## ACTION ITEM
Every line of the listing below should be written out exactly, minus its images.

### EXERCISE DATA ###

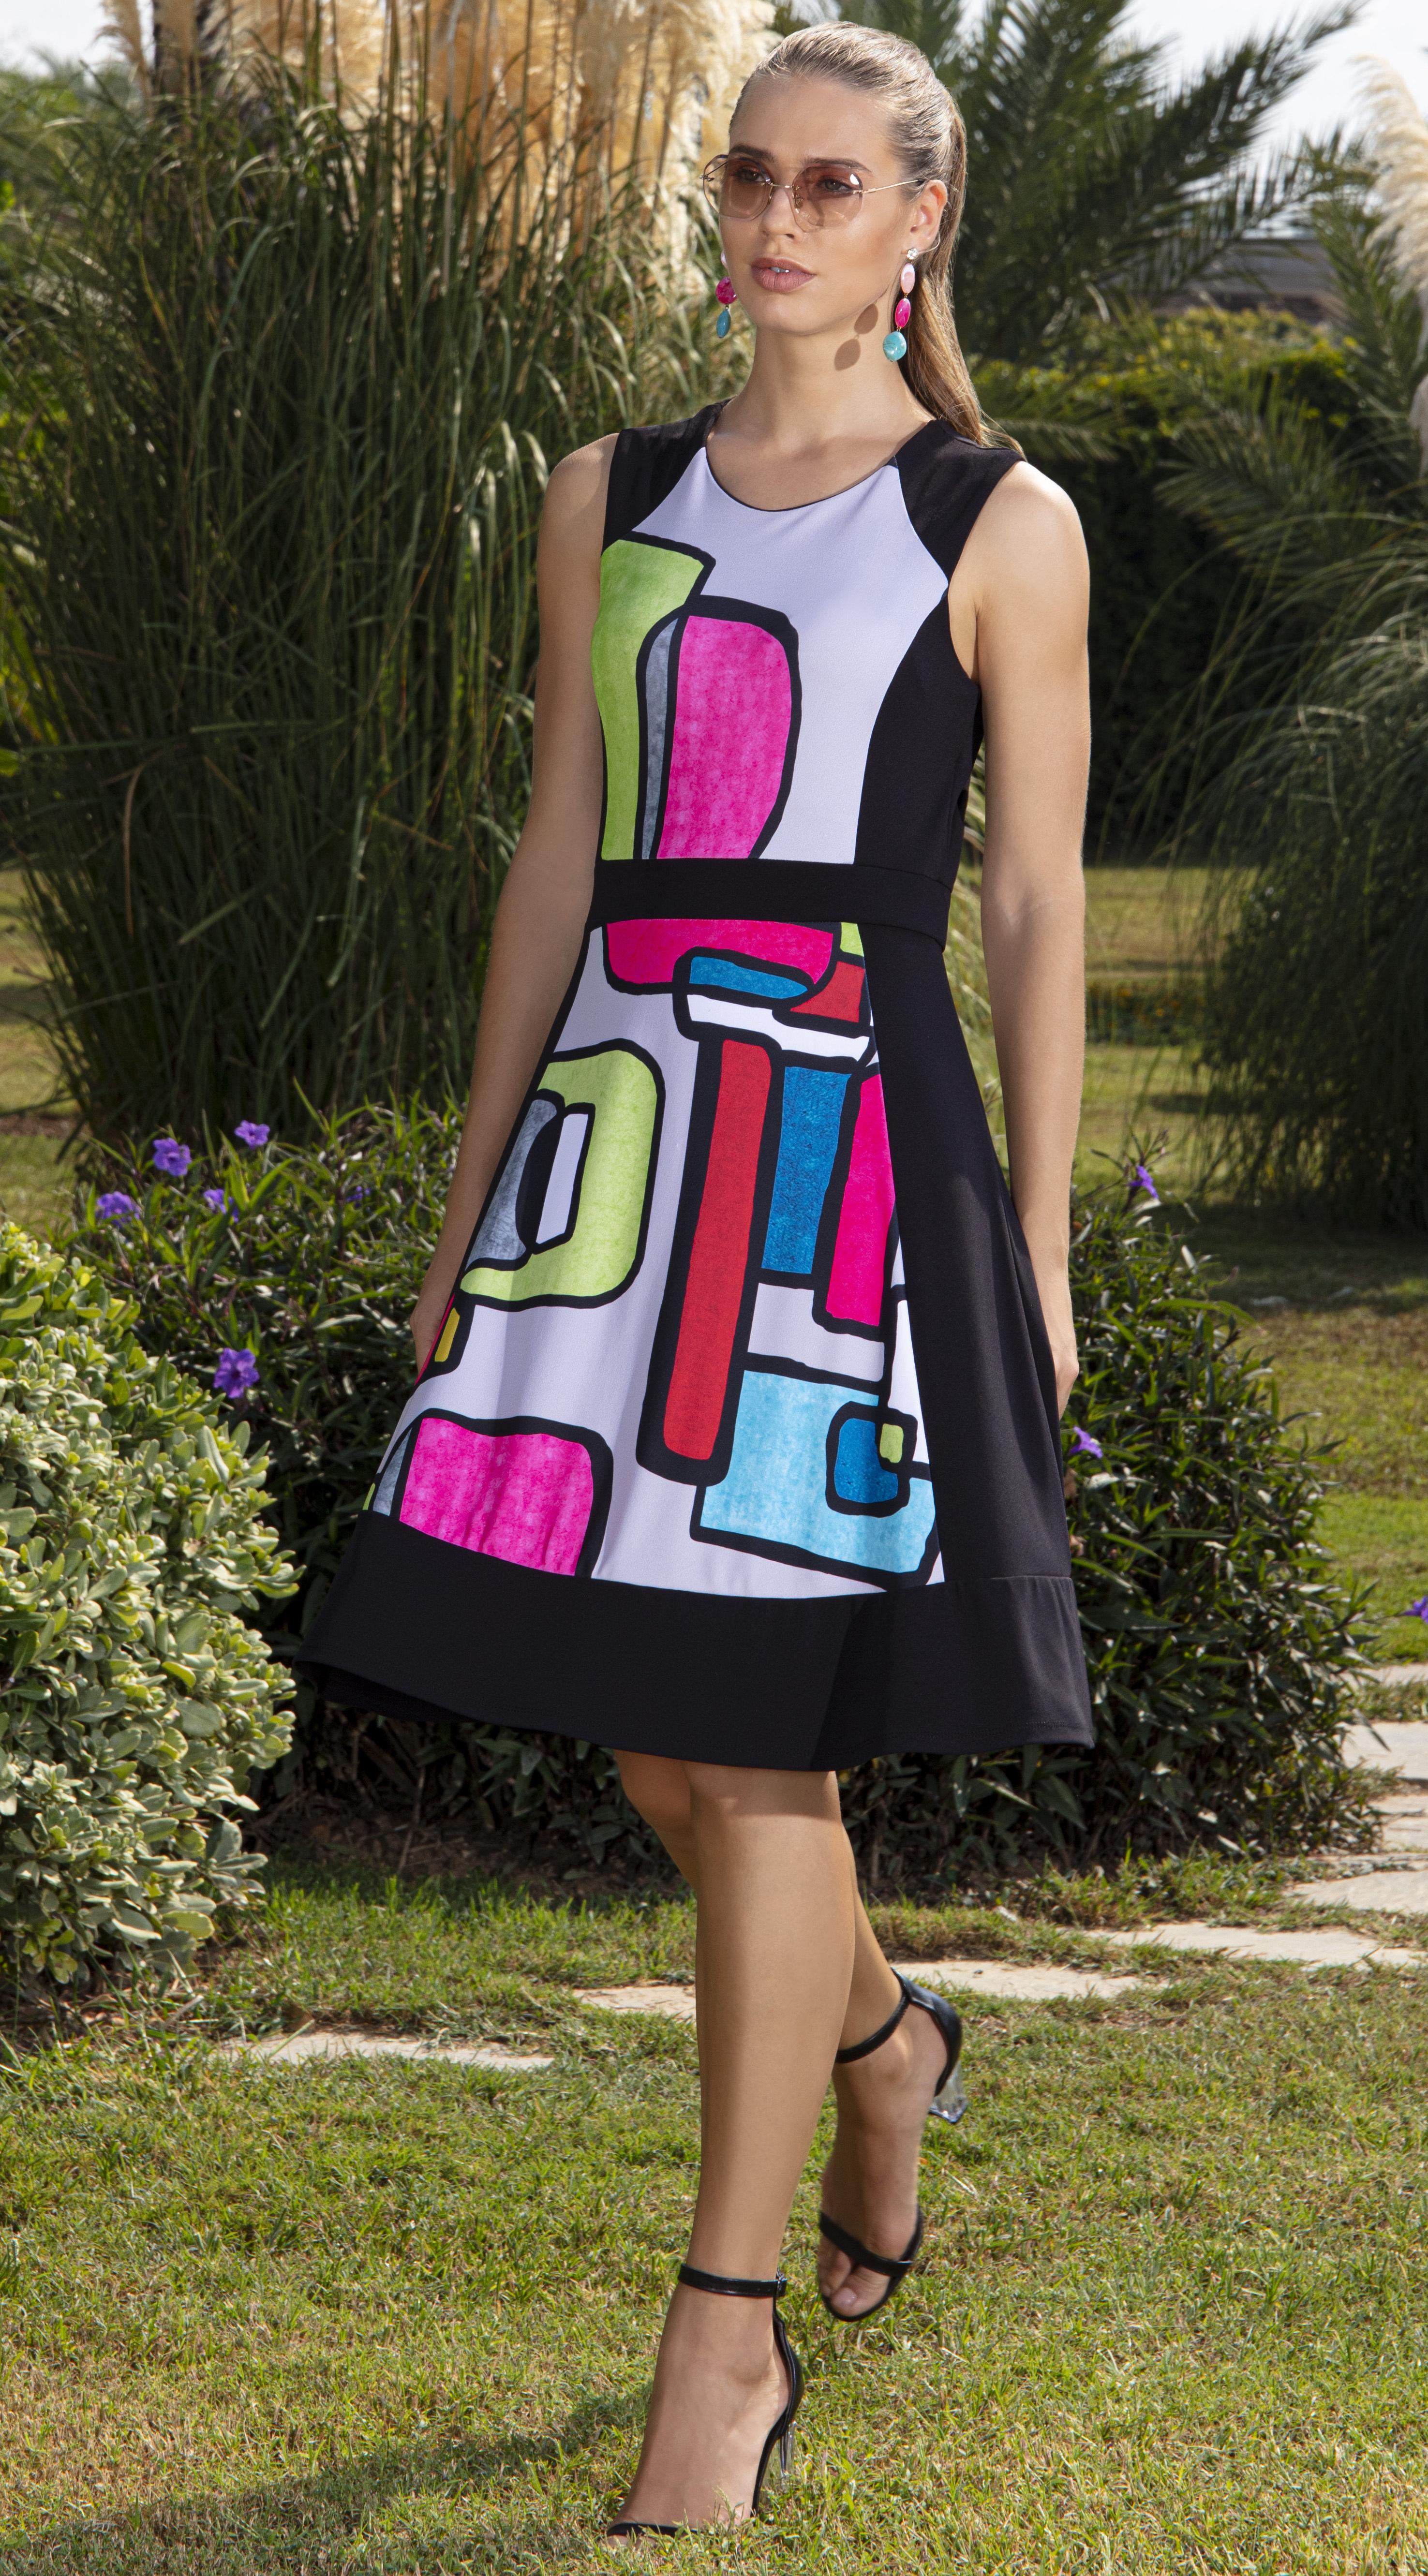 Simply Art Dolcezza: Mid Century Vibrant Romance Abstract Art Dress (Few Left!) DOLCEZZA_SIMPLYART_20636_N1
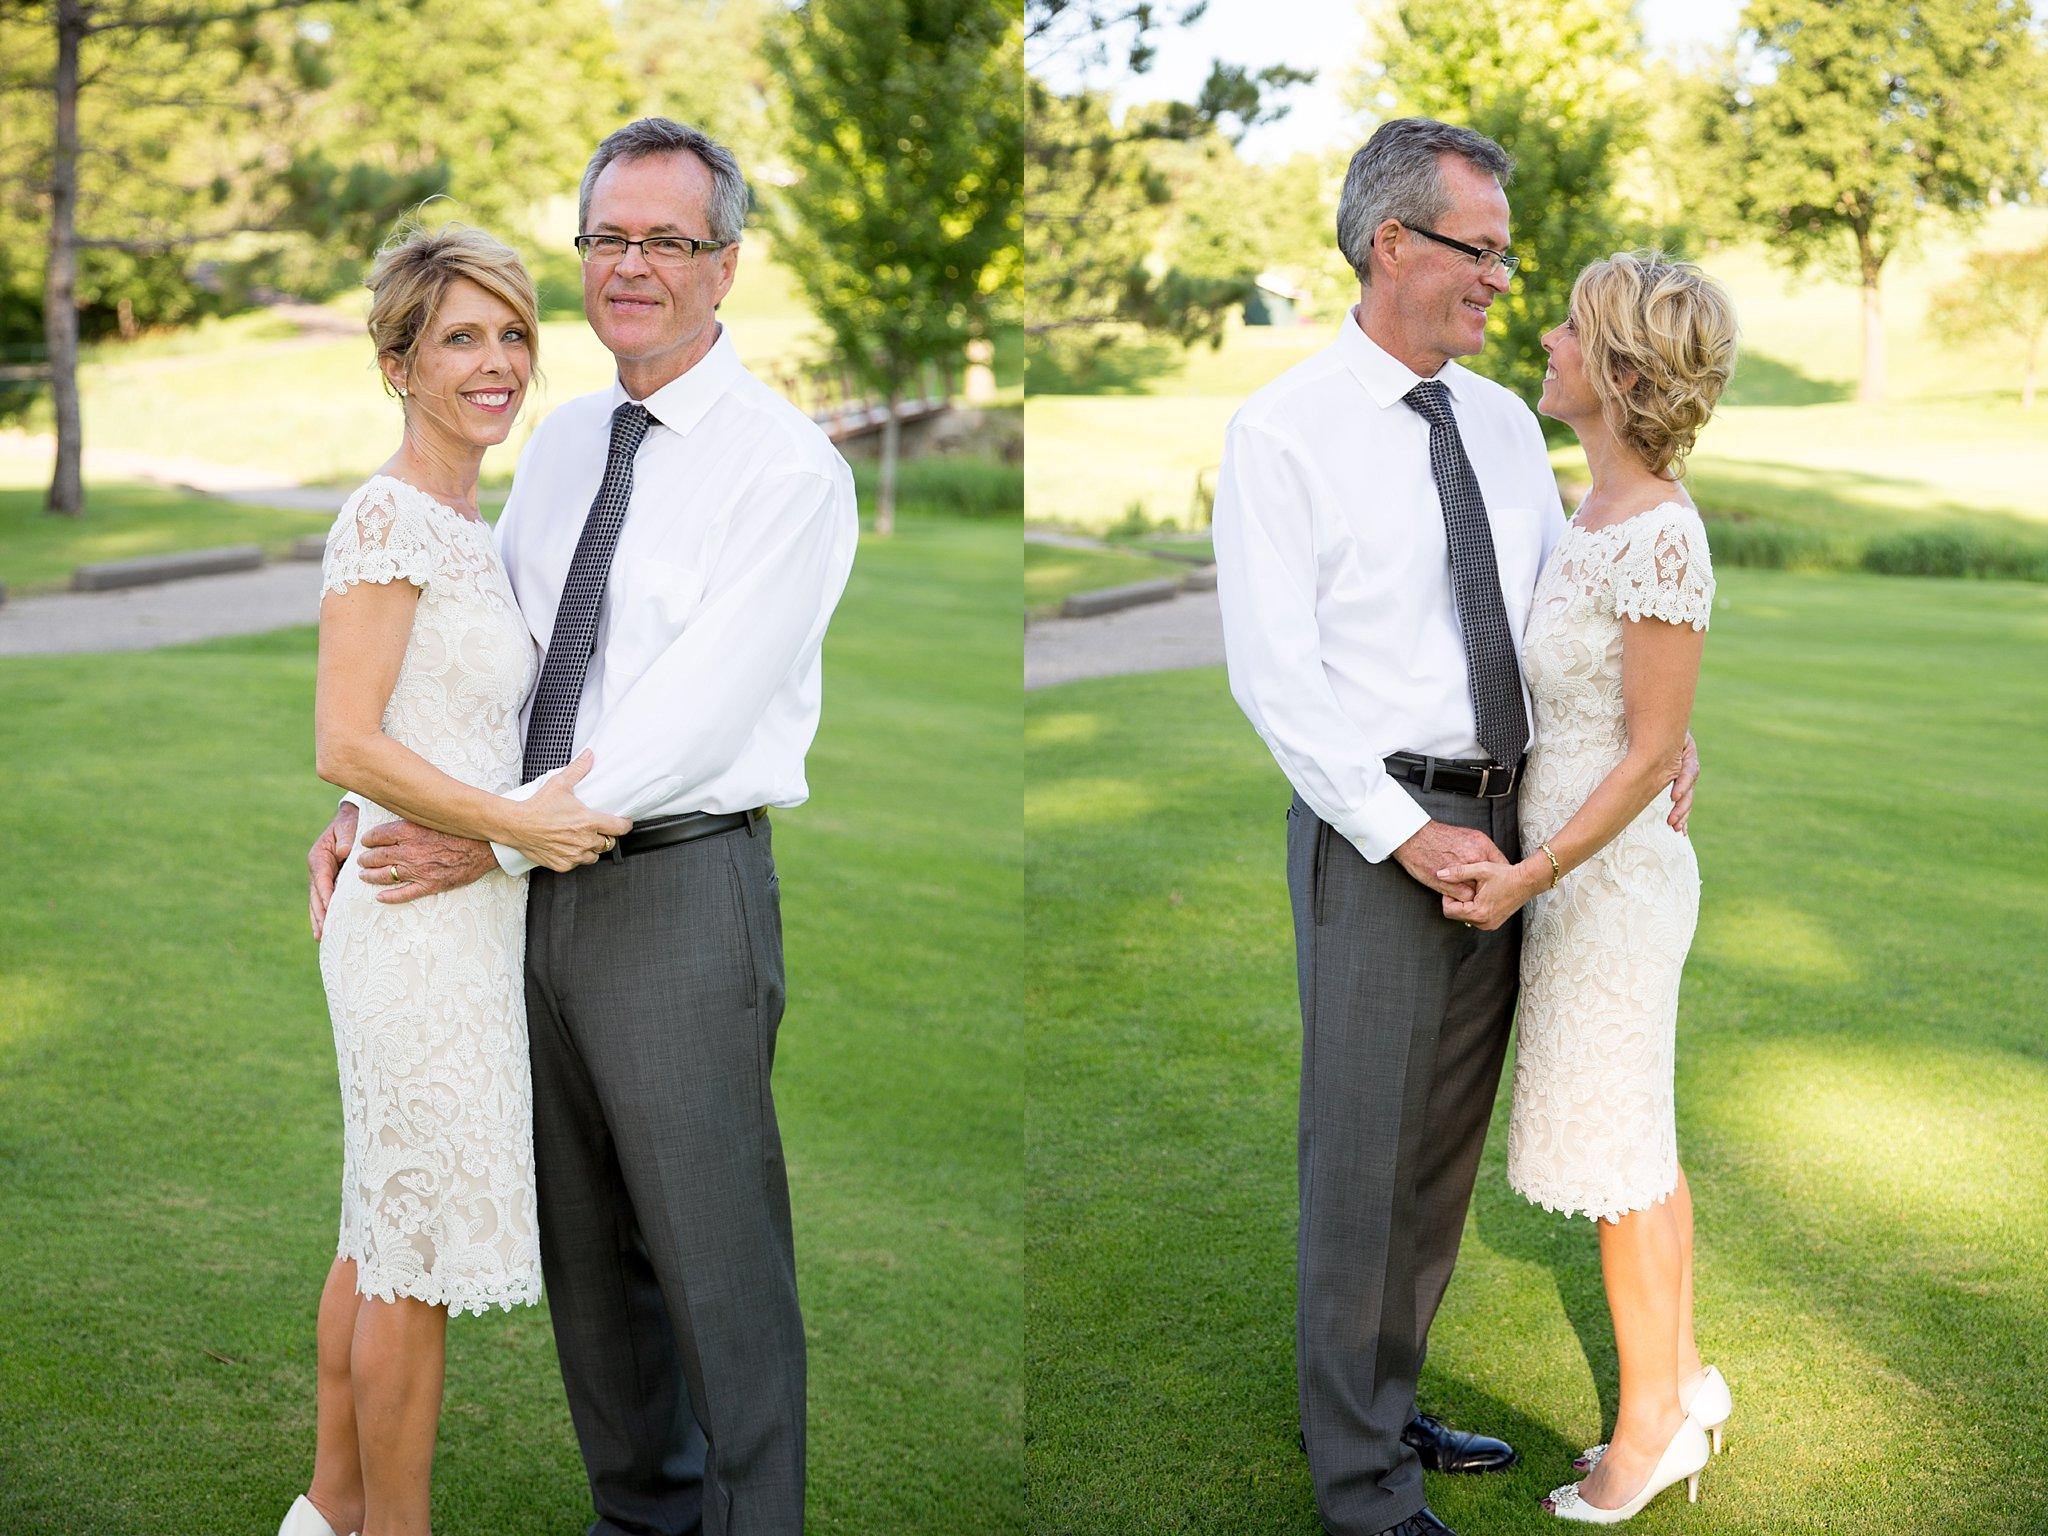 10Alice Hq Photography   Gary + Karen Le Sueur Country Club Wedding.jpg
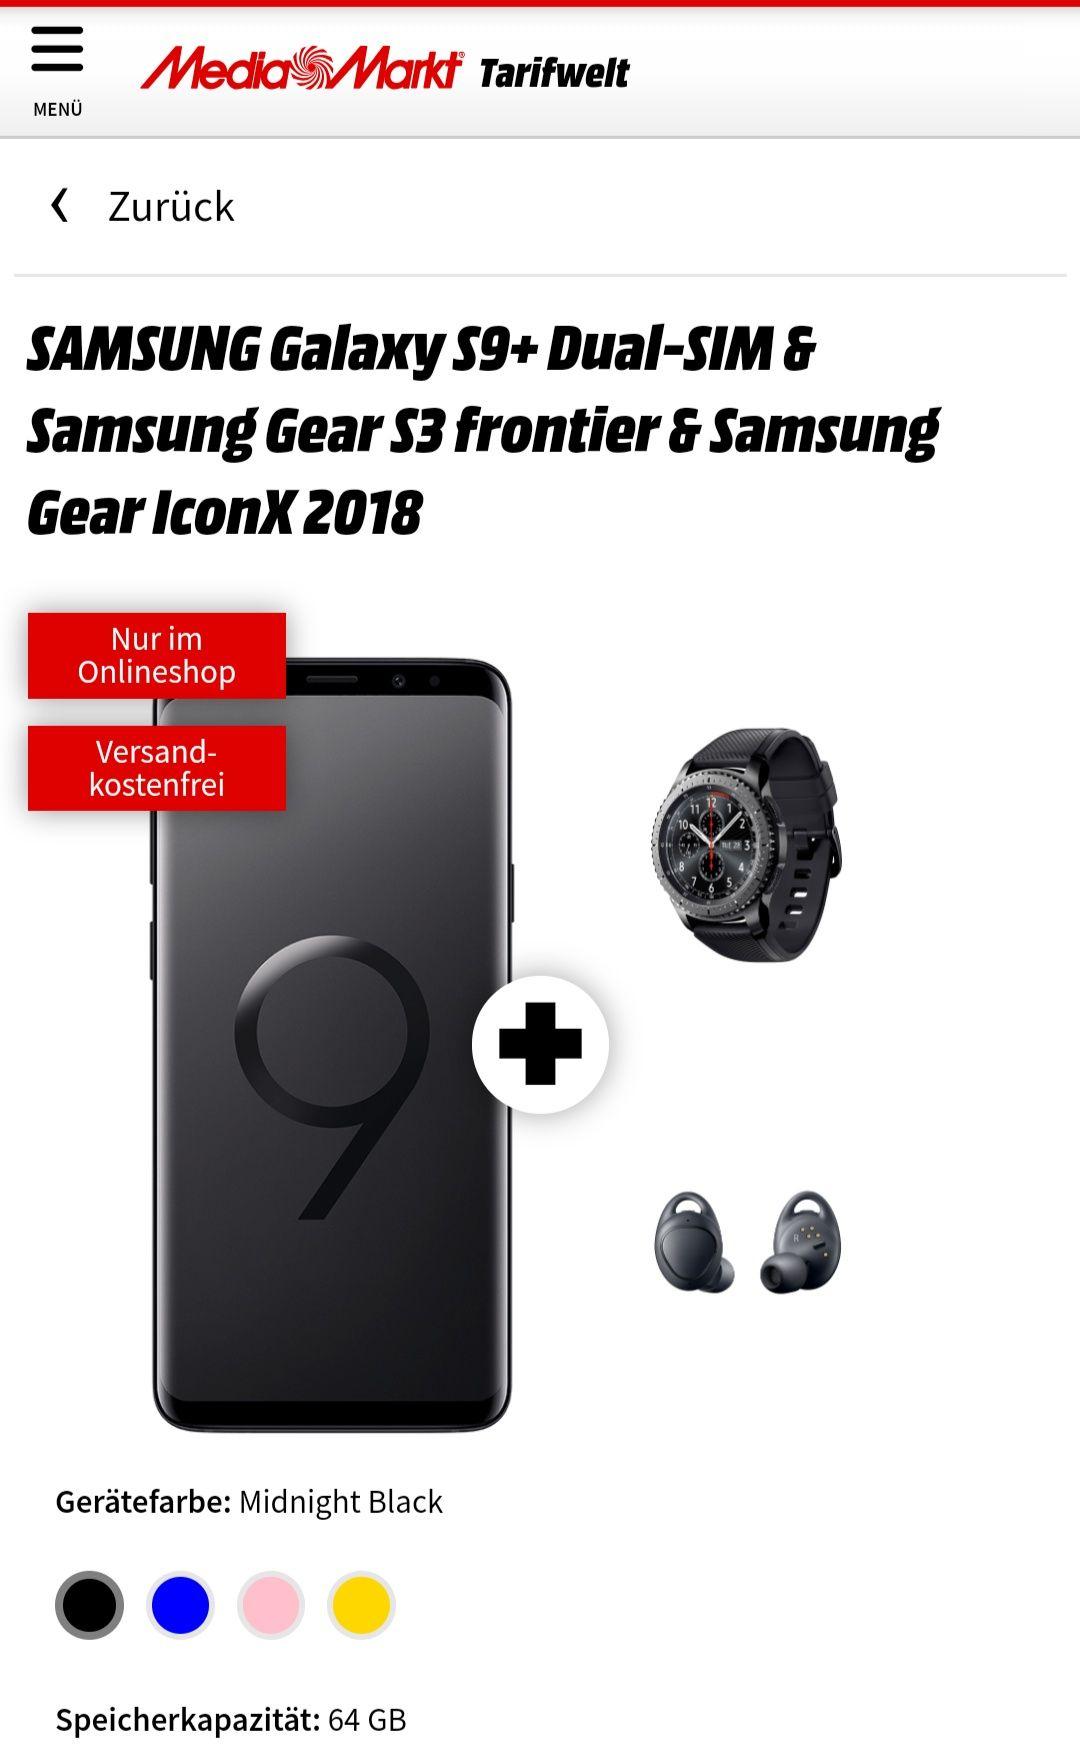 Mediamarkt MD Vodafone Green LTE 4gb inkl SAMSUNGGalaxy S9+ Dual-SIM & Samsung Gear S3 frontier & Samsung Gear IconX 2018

###

## SOLUTION FOR THIS EXERCISE
 Simply Art Dolcezza: Mid Century Vibrant Romance Abstract Art Dress (Few Left!) DOLCEZZA_SIMPLYART_20636_N1
 10Alice Hq Photography   Gary + Karen Le Sueur Country Club Wedding.jpg
 Mediamarkt MD Vodafone Green LTE 4gb inkl SAMSUNGGalaxy S9+ Dual-SIM & Samsung Gear S3 frontier & Samsung Gear IconX 2018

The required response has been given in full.